Generation of Plasmodium yoelii malaria parasite for conditional degradation of proteins
Introduction
Malaria remains one of the most serious infectious diseases worldwide. Rodent malaria parasites Plasmodium berghei and Plasmodium yoelii have been widely used as model systems to study malaria pathology and parasite biology. These species possess many biological features similar to those of the human malaria parasites in vertebrate hosts and mosquito vectors during life cycle. Recent years has witnessed great progress in developing research tools, in particular the CRISPR/Cas9 genome editing technology [[1], [2], [3]], which enables more efficient interrogation of gene function in malaria parasites. Because asexual blood stage of the parasites is the only time window suitable for DNA transfection, the lack of robust method hampers the functional investigation of genes essential for asexual blood stage development of Plasmodium parasites [4]. In the past decade or so, the conditional gene knockout approach was demonstrated in both the P. falciparum and P. berghei, wherein the genetic alteration at the genomic DNA level is irreversible and thereby the functional analysis is allowed only at its first point of protein action [[5], [6], [7]]. Methods to inducible control transcription have also been reported in the P. falciparum and P. berghei, but suffer from slow onset kinetics and were tested only for asexual blood stage [[8], [9], [10], [11]]. Different from the strategies targeting in the DNA or mRNA, manipulation of protein levels by chemical-genetic strategies is often more advantageous in inducibility, reversibility, and specificity. Two such regulatory systems composing of specific pair of ligands and associated protein binding domains have been developed in the P. falciparum to regulate protein stability using either FKBP protein destabilization domain or dihydrofolate reductase destabilization domain [[12], [13], [14]].
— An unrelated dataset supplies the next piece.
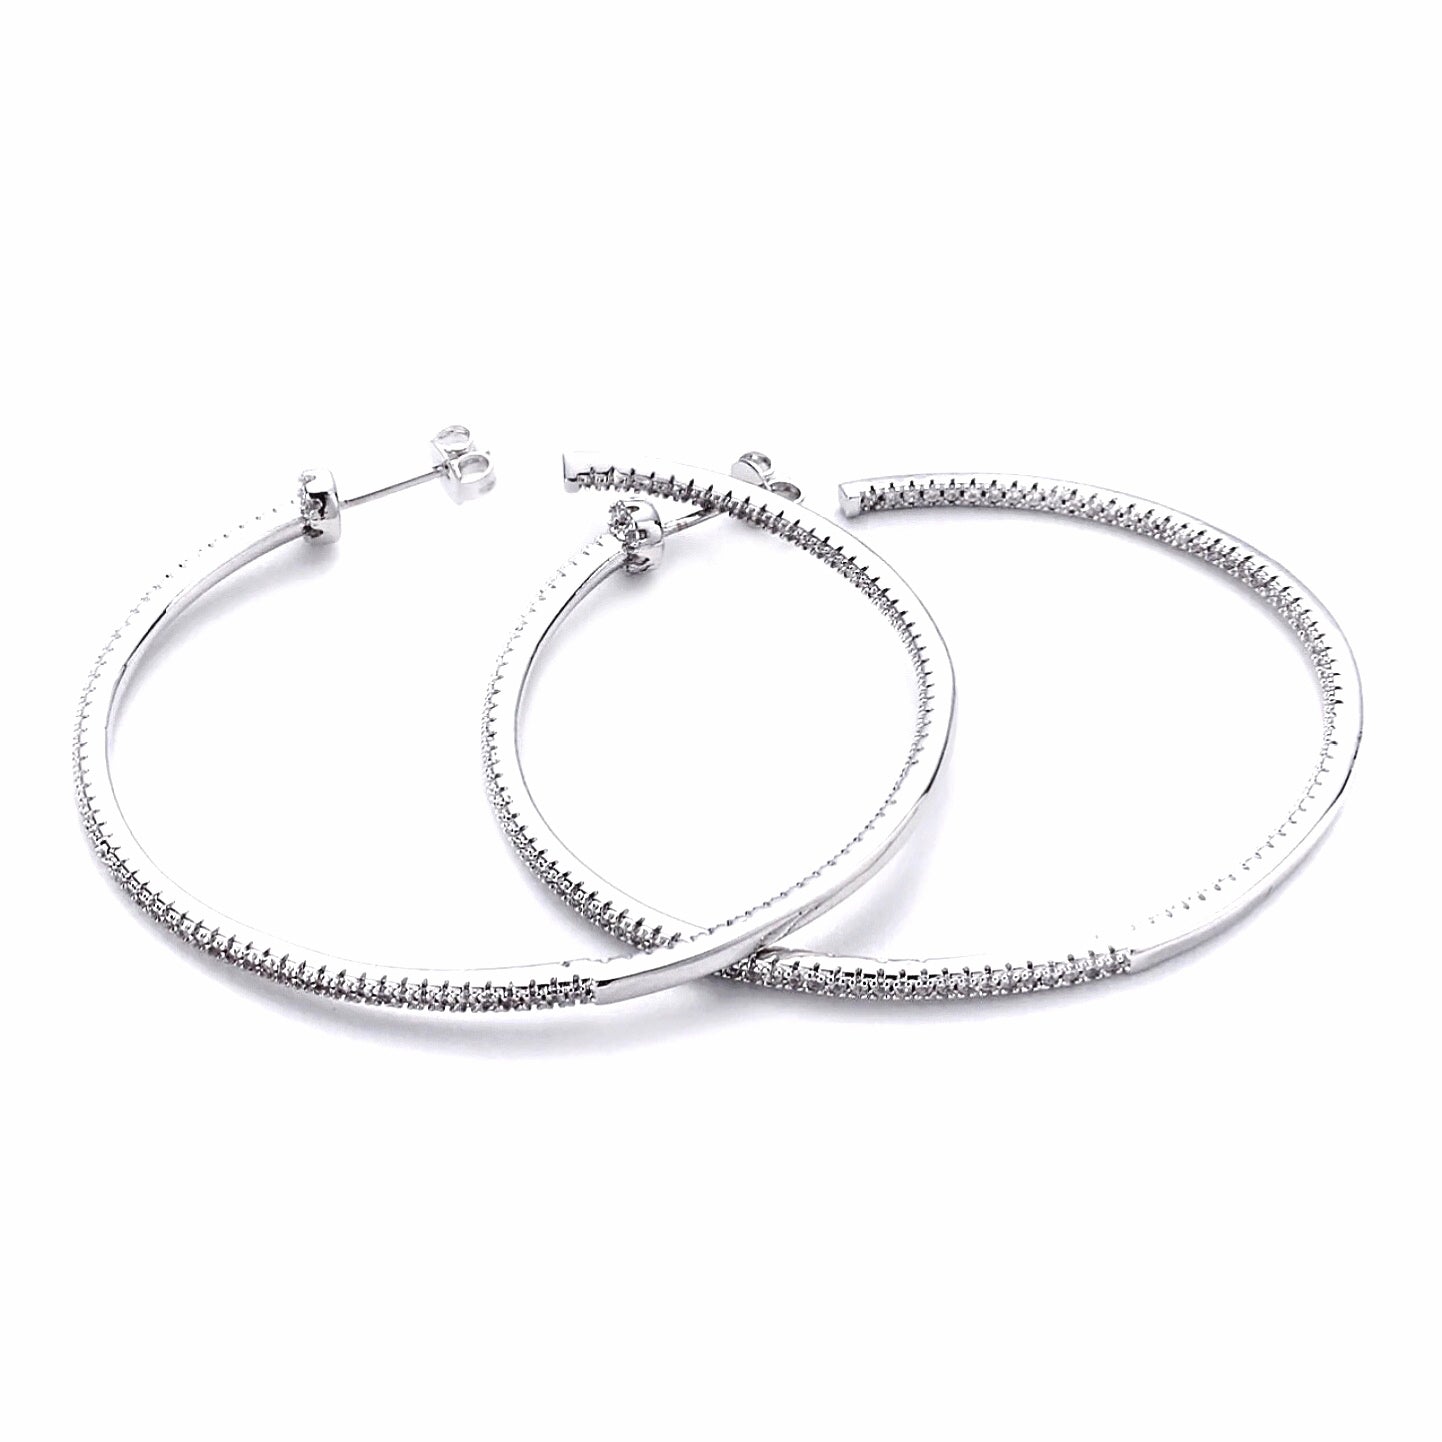 Big Silver CZ Encrusted Hoop Earrings - Best seller! - LJFjewelry

Plants evolved a unique system in which the plant hormone auxin induces rapid proteasomal degradation of certain proteins by a specific E3 ubiquitin ligase [15]. Kohei
Nishimura et al. creatively utilized the auxin-inducible degron (AID) in the non-plant cells and achieved conditional degradation of proteins of interest (POI) via a small molecule [16]. The system relies on the evolutionarily conserved eukaryotic SCF ubiquitin ligase complex composing of the Skp1, Cullin1, Rbx1, and F box protein, the last of which recruits protein substrates for degradation. Recently, the AID system has also been successfully adapted in the apicomplexan parasites, including P. berghei [17,18] and Toxoplasma gondii [19]. To implement this system, only two transgenic components are needed: a plant auxin receptor called transport inhibitor response 1 (TIR1) and a POI tagged with an AID. In these engineered parasite lines stably expressing the plant TIR1 [18,19], the auxin functions as a molecular glue promoting specific interaction between the ubiquitin ligase complex and AID-tagged POI, which triggers proteasomal degradation of the latter.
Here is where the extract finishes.